Soviet radar calibration satellite

Kosmos 453 (Космос 453 meaning Cosmos 453), known before launch as DS-P1-Yu No.44, was a Soviet satellite which was launched in 1971 as part of the Dnepropetrovsk Sputnik programme. It was a 325 kg spacecraft, which was built by the Yuzhnoye Design Bureau, and was used as a radar calibration target for anti-ballistic missile tests.

== Launch ==
Kosmos 453 was successfully launched into low Earth orbit on 19 October 1971, with the rocket lifting off at 12:40:01 UTC. The launch took place from Site 133/1 at the Plesetsk Cosmodrome, and used a Kosmos-2I 63SM carrier rocket.

== Orbit ==
Upon reaching orbit, it was assigned its Kosmos designation, and received the International Designator 1971-090A.

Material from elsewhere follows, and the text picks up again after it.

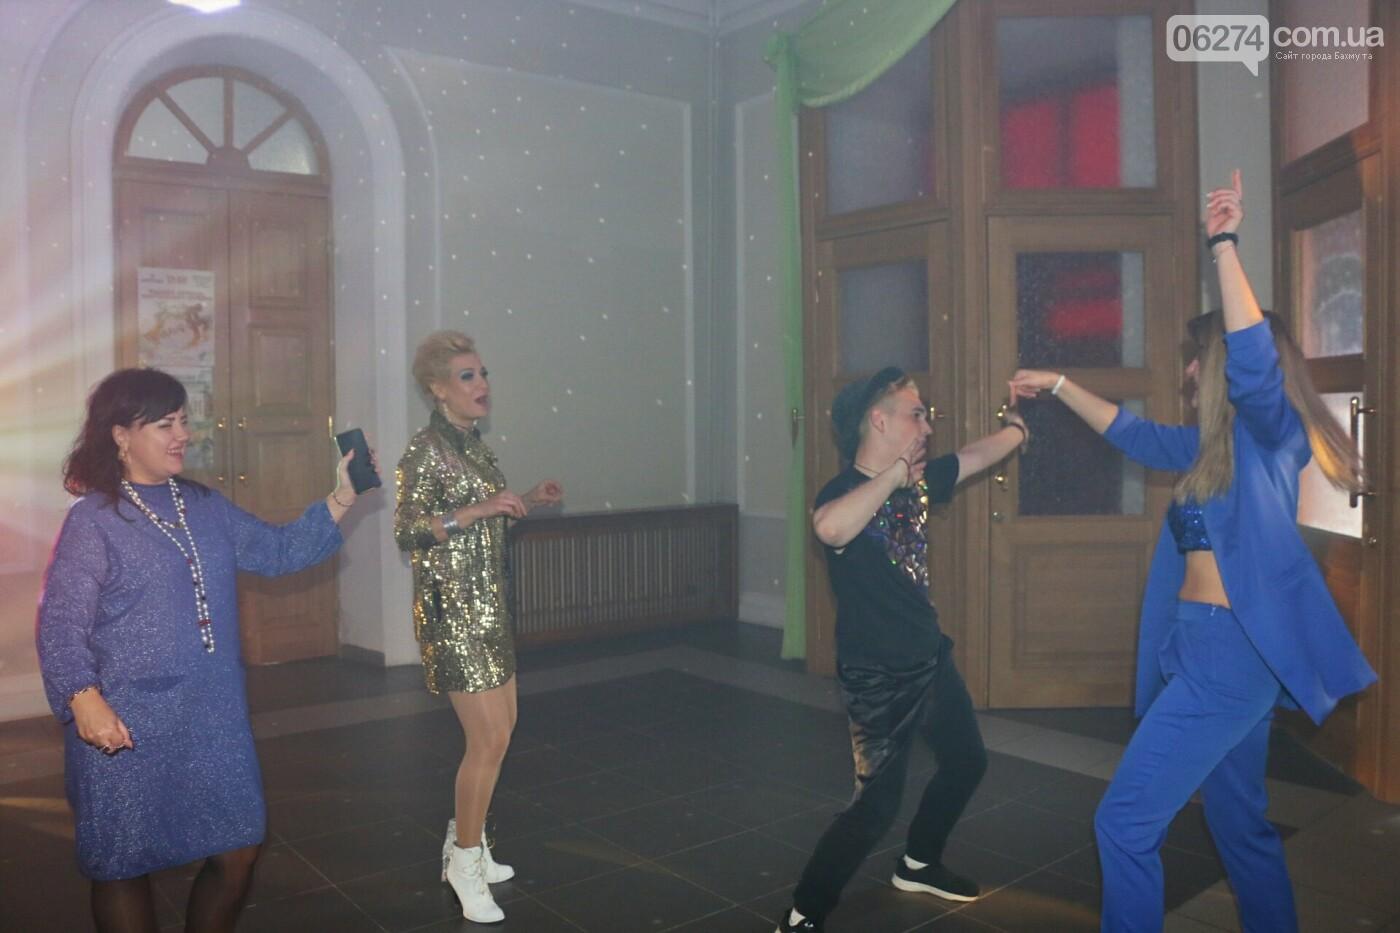 В Бахмуте провели Disco House Party (ФОТООТЧЕТ), фото-39

Kosmos 453 was the forty-sixth of seventy nine DS-P1-Yu satellites to be launched, and the forty-first of seventy two to successfully reach orbit. It was operated in an orbit with a perigee of 266 km, an apogee of 471 km, 70.9 degrees of inclination, and an orbital period of 91.9 minutes. It remained in orbit until it decayed and reentered the atmosphere on 19 March 1972.